McMillen and Byron finish with least favorable districts in remapping

October 23, 1991|By Tom Bowman | Tom Bowman,SUN GRAPHICS/ROBERT CRONANSun Staff Correspondent

ANNAPOLIS -- "I'm disappointed."

That was how Representative Tom McMillen summed up congressional redistricting. He had good reason to feel that way.

Mr. McMillen watched as his current congressional district was divided among five other districts. And he ended up being thrown into potentially hostile political turf with another sitting congressman, Representative Wayne T. Gilchrest, R-Md.-1st.

The Crofton Democrat even saw his own town split and given to Representative Steny H. Hoyer, D-Md.-5th. Only one Crofton precinct -- where the congressman calls home -- will go into the McMillen-Gilchrest district.

In the last three statewide elections, most of the voters in the newly created district tended to vote for Republican candidates, according to Jerry Grant, an aide to Mr. McMillen. In the new district, 44.9 percent of voters cast ballots for Democratic candidates. Only the district drawn for Representative Beverly B. Byron, D-Md.-6th., where 44.6 percent voted for Democrats, was more unfavorable for a Democrat.

By contrast, in the districts for Mr. Hoyer and Representative Benjamin L. Cardin, D-Md.-3rd, Democrats won 56.3 percent and 60.1 percent of the vote, respectively.

"The process was designed more for political protection than what's good for the state," said Mr. McMillen, who also strived for political protection but lost out. "The voters of Maryland will decide next year who they want to represent them."

VTC Senate President Thomas V. Mike Miller Jr., D-Prince George's, who wanted to help fellow Democrat McMillen, was outmatched by Gov. William Donald Schaefer and House Speaker R. Clayton Mitchell Jr., Democrats who had priorities that did not include Mr. McMillen. The governor wanted to preserve Republican Representative Helen Delich Bentley's 2nd District around the Baltimore port, and the speaker from Kent County did not want any tampering with his native Eastern Shore.

The House of Delegates backed the new redistricting plan yesterday afternoon by a 110 to 22 vote. Governor Schaefer is scheduled to sign it into law today.

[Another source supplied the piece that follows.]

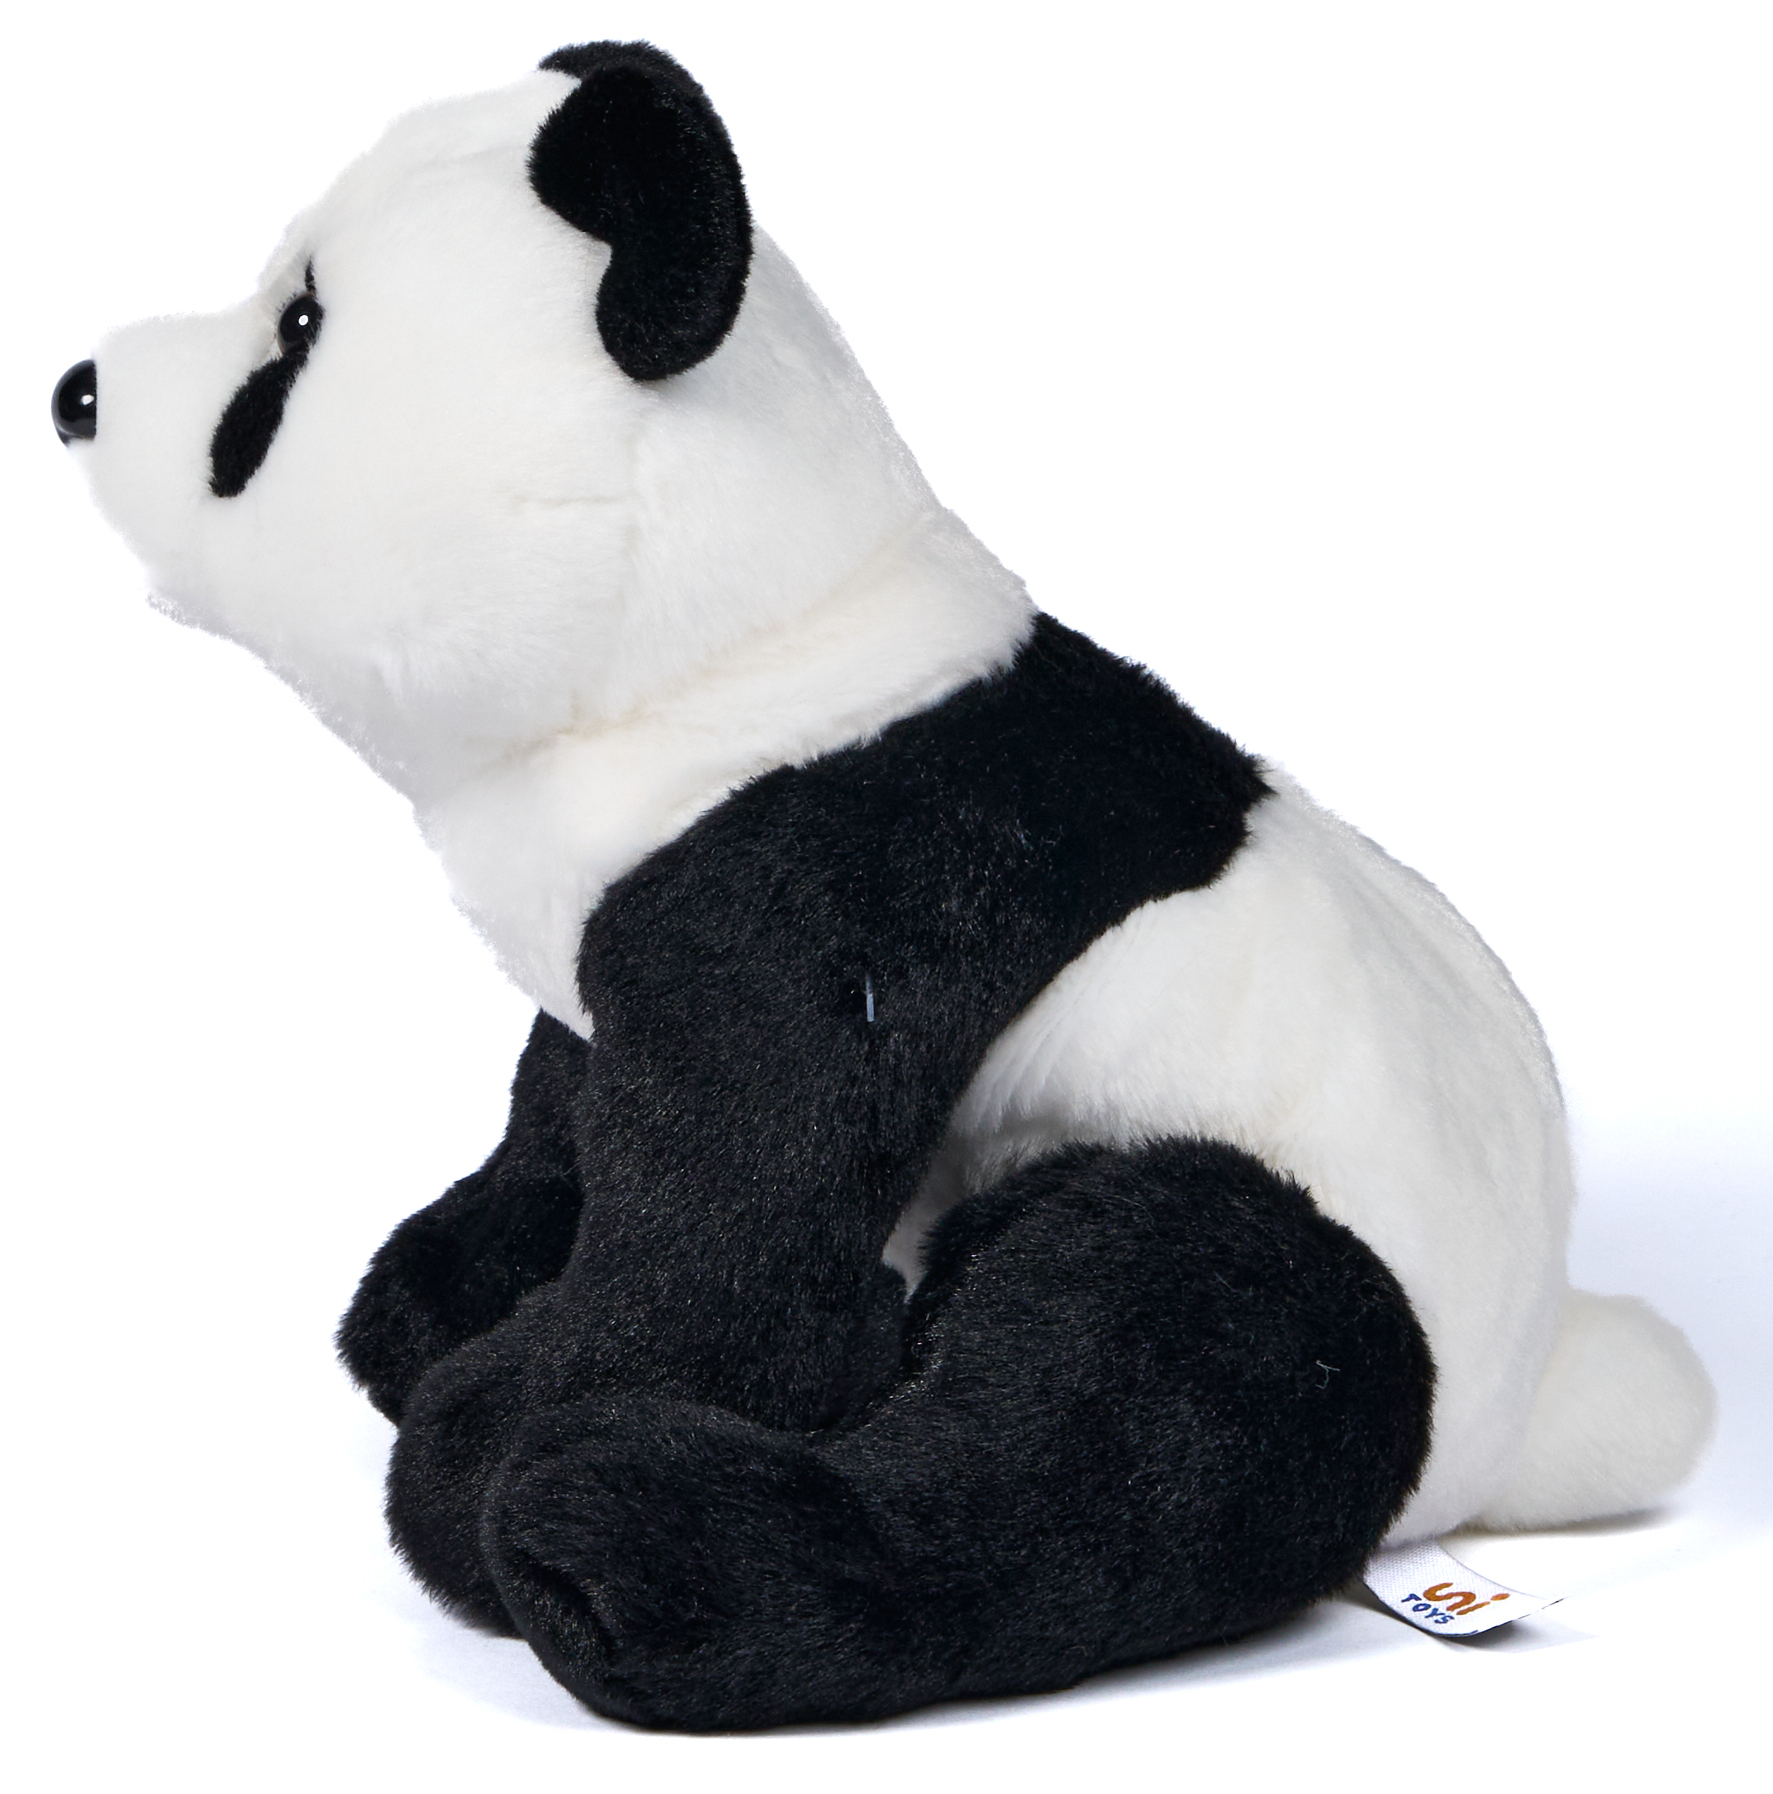 Panda bear, sitting - 24 cm (height)

Weary and slumped in his chair after the Senate backed the plan late Monday night, Mr. Miller also said he was disappointed. Mr. McMillen would face an "uphill battle" in a race against Mr. Gilchrest, the senator predicted, but could win if he "works hard and campaigns hard."

But the third-term congressman said he is uncertain whether he will run in the district left him or run elsewhere. A congressman is not required to live in the district he represents.

Mr. McMillen said he will travel to parts of his current district -- which, besides Anne Arundel, includes portions of Howard and Prince George's counties -- and "get some feeling from voters" about what he should do. He also plans to visit the Shore and learn its "issues and concerns."

Mr. Gilchrest, meanwhile, has no doubt he will run for the congressional seat in the newly drawn 1st District.

"We'll go over [to the Western Shore] and start campaigning," the freshman Republican said. But he said congressional business will keep him in his current district or Washington until Christmas.

"I understand that people need to see who I am," said the congressman.

Although the redistricting plan passed by a wide margin, it drew opposition from Anne Arundel County lawmakers, irritated that their county was cut four ways.

But the plan also was opposed by some Montgomery and Prince George's County lawmakers -- both black and white -- over the creation of a majority-black district that straddles the counties.

Maryland's new congressional districts

Here is the congressional map approved yesterday by the Maryland General Assembly. State map-makers could not provide the street boundaries of each district yesterday.

The state legislature redraws congressional districts every 10 years to reflect population changes reported by the census.

The large increase in black population in the Washington suburbs during the 1980's convinced state lawmakers that they would have to create a majority-black district (District 4) to conform with the federal Voting Rights Act. That law prohibits the dilution of minority voting strength.

Maryland lawmakers also wanted to forge a "safe seat" (District 5) for Representative Steny H. Hoyer, D-Md.-5th, who as a House leader and member of the powerful Appropriations Committee keeps federal dollars streaming to the state.

Since Maryland did not gain enough population to deserve an additional congressional seat, the state continues to have eight members of Congress. With seats set aside for a majority-black district and a Hoyer seat, seven congressmen were left with only six available seats.

Two congressmen -- Representatives Tom McMillen, D-Md.-4th, and Wayne T. Gilchrest, R-Md.-1st -- were therefore chosen to double up in a newly configured District 1 that stretches from Curtis Bay in Baltimore to Ocean City.

To achieve the changes, Anne Arundel County was split among four districts: District 1 and districts represented by Mr. Hoyer and Representatives Benjamin L. Cardin, D-Md.-3rd, and Representative Helen Delich Bentley, R-Md.-2nd.